Loosing Shakespeare

I’ve been reading The Book of Lost Books on my lunch breaks and it’s fascinating stuff. Take for example, the lost Shakespeare play, Cardenio.

Cardenio was known to have been performed at least on one occasion in 1613, by the King’s Men, the London troupe that Shakespeare wrote most of his plays for. The text was attributed to both William Shakespeare and John Fletcher, a playwright of equal fame during the time. Not much was known about the story of Cardinio, other than that it was thought to be a loose adaptation of an episode from Don Quixote, the first English translation of which had reached London in 1612.

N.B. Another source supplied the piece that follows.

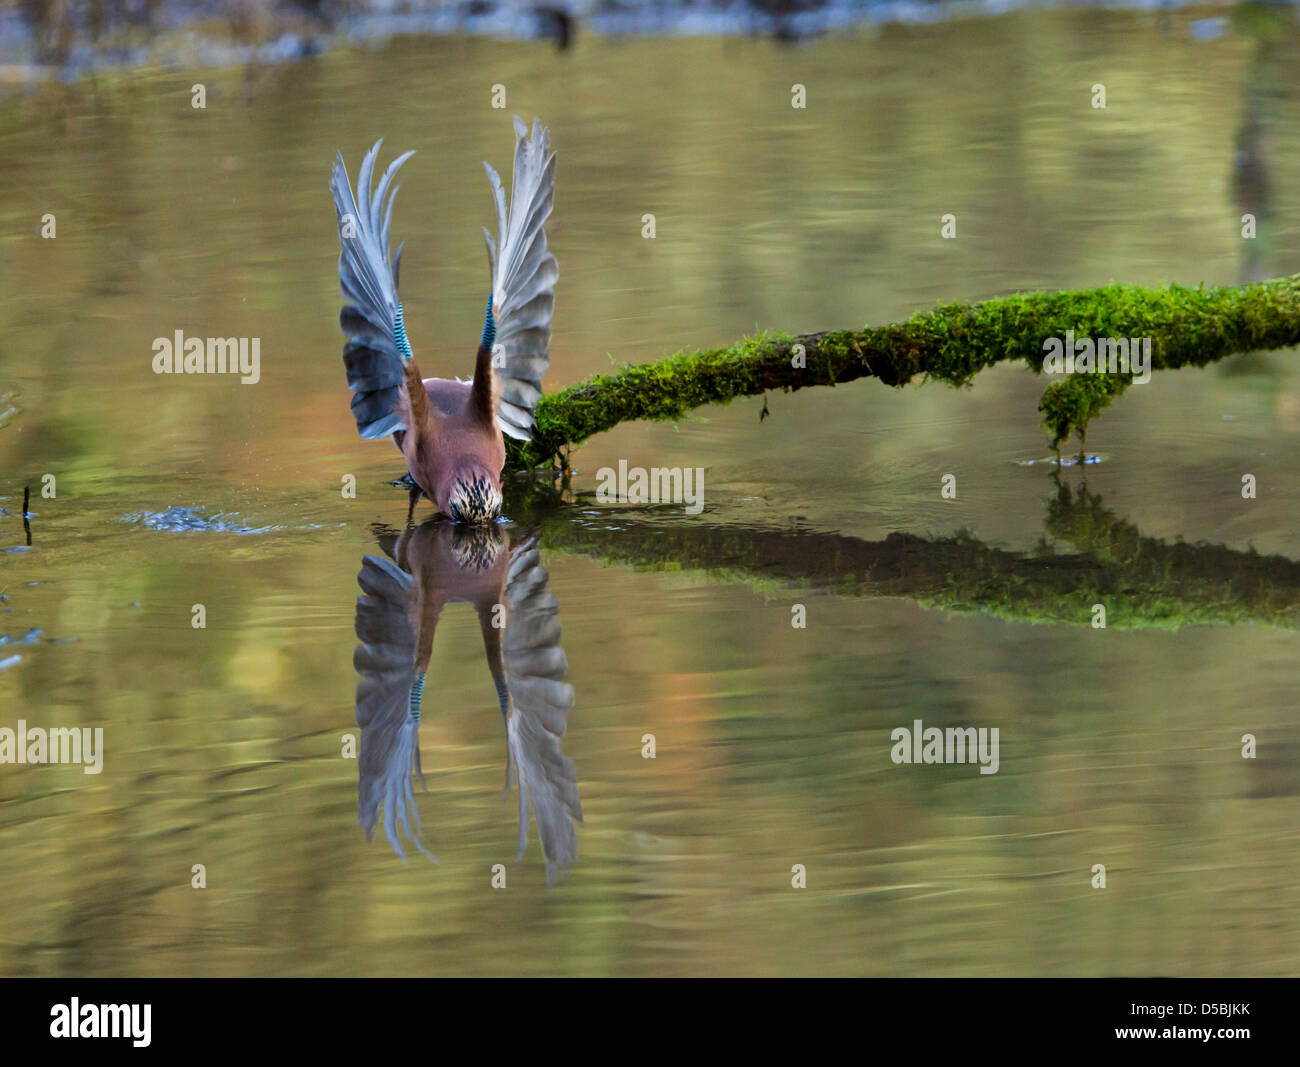 Garrulus glandarius. Eurasian Jay perched on a branch, wings extended and reflected in the pool below. Stock Photo

In 1727, Lewis Theobald, a well known Shakespearean scholar and editor, claimed to have obtained three Restoration-era manuscripts of an unnamed play by Shakespeare, which he edited (with improvements) and released under the title Double Falshood. This had hardly settled the matter of the missing Shakespeare by any means, as Theobald refused to show anyone the three manuscripts that he claimed as his source and they were later thought destroyed in a fire in 1806.

What’s more fascinating than this is that we have as many of Shakespeare’s plays as we do. Given the fragility of paper and our generally moist climate, and the habit of religious fanatics for burning everything that disagrees with their narrow minded fairy tales, it’s amazing any literature has survived this long.

The old claims of bias against non western literature is silly in the face of all this. It’s not that academics or librarians have discarded non-European literature, it’s that so little of any literature has survived. It’s only by chance that some of Europe’s literary heritage managed to be preserved at all and we should appreciate what we have, not fret over why this or that piece was lost.